El sistema educativo tal y como lo conocemos surgió para cubrir una
necesidad. Fue diseñado acorde a los intereses del contexto económico durante
la Revolución Industrial. Es por ello que su principal finalidad era preparar
profesionales que pudiesen desempeñar los oficios que se requerían: esta
tendencia se ha mantenido en el sistema educativo tal y como lo conocemos en la
actualidad, de forma que la consideramos una premisa: es por ello que el
sistema educativo y el sistema laboral comparten el mismo paradigma desde
entonces, dado que el primero ha ido nutriendo al segundo.
Pero es en la actualidad donde se está produciendo un desfase importante:
nos encontramos en un contexto diferente en el que globalización ha cambiado el
modelo económico y la tecnología nuestra forma de trabajar e incluso de
comunicarnos.
En un futuro próximo surgirán trabajos y nuevas necesidades que
todavía no existen y por tanto desconocemos, y es por ello que resulta inviable
mantener una relación tan biunívoca entre educación – proyección laboral.

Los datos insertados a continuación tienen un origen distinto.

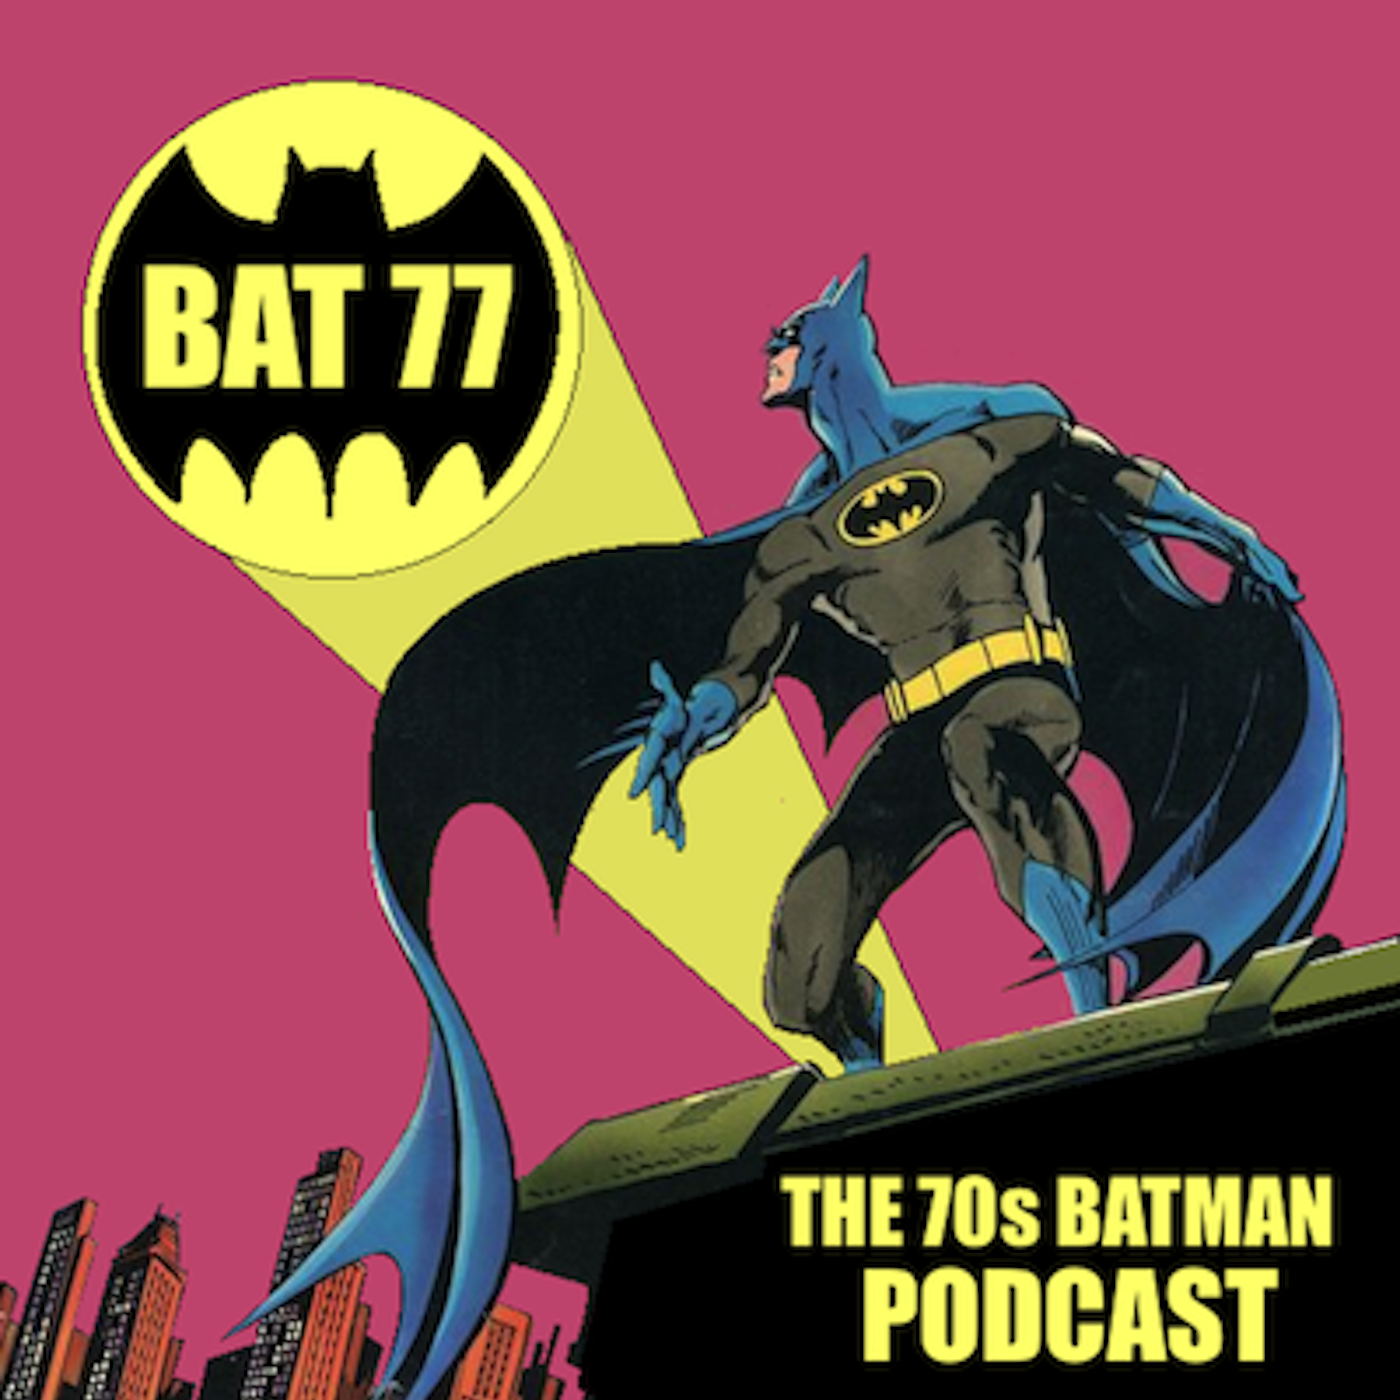 BAT 77 - The 70's Batman Podcast show art
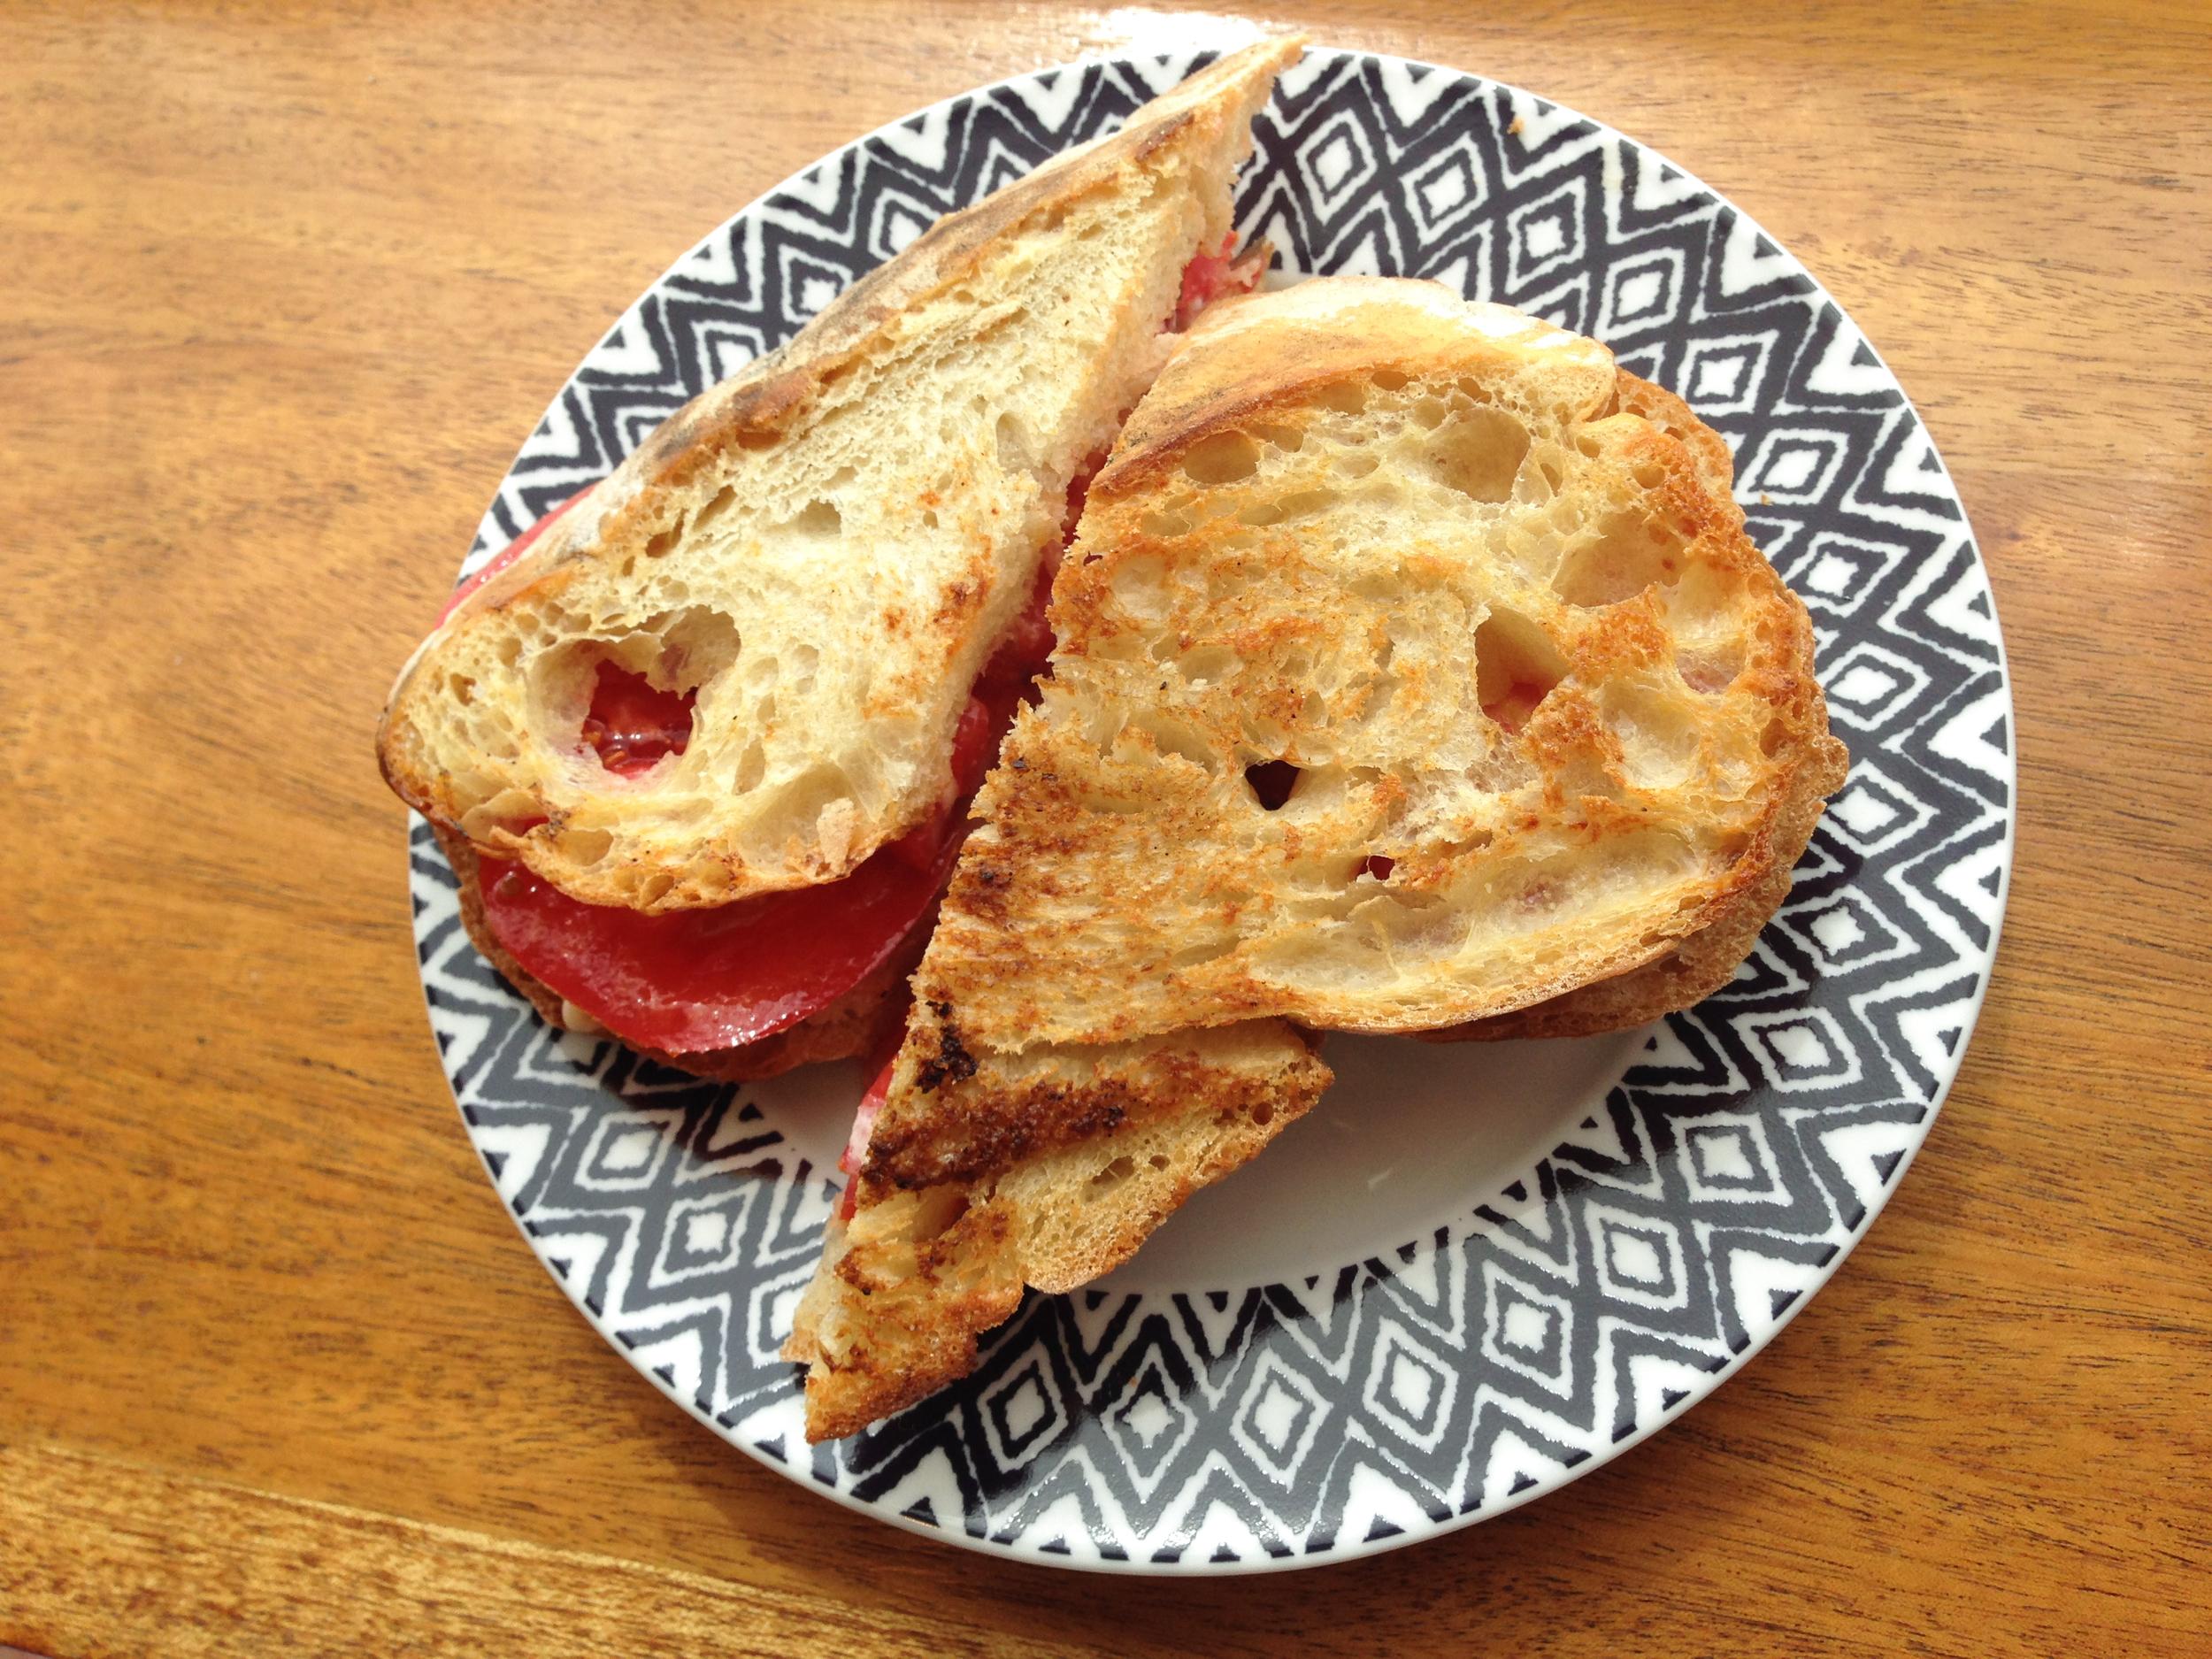 Sandwich at Bonfiglio & Bread | Photo Credit: Find. Eat. Drink.

Dado que este paradigma se encuentra profundamente
arraigado en los cimientos de nuestro sistema educativo, resulta muy complicado
replantearlo dándole un giro de 180 grados, pero sí es posible reajustar algunas tendencias e incluso premisas de las que se parte:
con un cambio en el reparto de carga lectiva según qué áreas: sin restar
importancia a las matemáticas, ciencias y lengua, es fundamental tener en
cuenta que en un futuro próximo, dada la automatización de procesos en la
industria y la reducción de recursos humanos necesarios, lo que realmente tendrá valor serán las ideas
y la capacidad de generarlas: si cobra importancia en la educación “cualquier tipo de actividad que implique el alma, el
cuerpo, los sentidos y buena parte del cerebro” (Ken Robinson) seremos capaces de ayudar a los niños y niñas a formarse como
personas creativas, divergentes, resilientes y dinámicas: en definitiva,
prepararlos para desenvolverse en un futuro incierto que todavía desconocemos.